I can see three ways of tackling this:

  1. Completely emulate the ASIC4 on Espruino. This is what I really want to do. But would the Espruino platform be fast enough to cope with the 3.84 MHz clock? I'm guessing pure JavaScript would be nowhere near fast enough to handle it, so a driver would need to be written in C.
  2. Use an original ASIC4 chip. They're not too difficult to get hold of (SSDs pop up all the time on eBay), but there is a finite supply. Also, I would need to remove the chip from an SSD, and I'm not quite at that level of soldering skill yet. Finally, I would need to work out how to get Espruino to talk to an ASIC4.
  3. Emulate the ASIC4 in FPGA. This scares me the most. I haven't got a clue about FPGAs. However, I know it would be insanely fast and mean that I wouldn't have to break SSDs. Still, I'd need to work out how to get Espruino to talk to the FPGA.

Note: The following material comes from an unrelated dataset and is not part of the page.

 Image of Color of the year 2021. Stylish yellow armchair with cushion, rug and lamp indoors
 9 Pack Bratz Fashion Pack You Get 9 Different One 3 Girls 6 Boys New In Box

If I do try to emulate an ASIC4, I don’t have to emulate the entire chip and all its pins. I just need to make the Psion think it’s talking to an ASIC4. What I don’t know, though, is if an ASIC4 can be connected to an SSD port in Mixed Mode and have the Psion recognise it. Or, to be more accurate, if I can make something that pretends to be an ASIC4 in Mixed Mode and have the Psion recognise it.

Once I have this first major stage working, I will look at emulating Extended Mixed Mode so that I can send commands to the Espruino to control the Wi-Fi.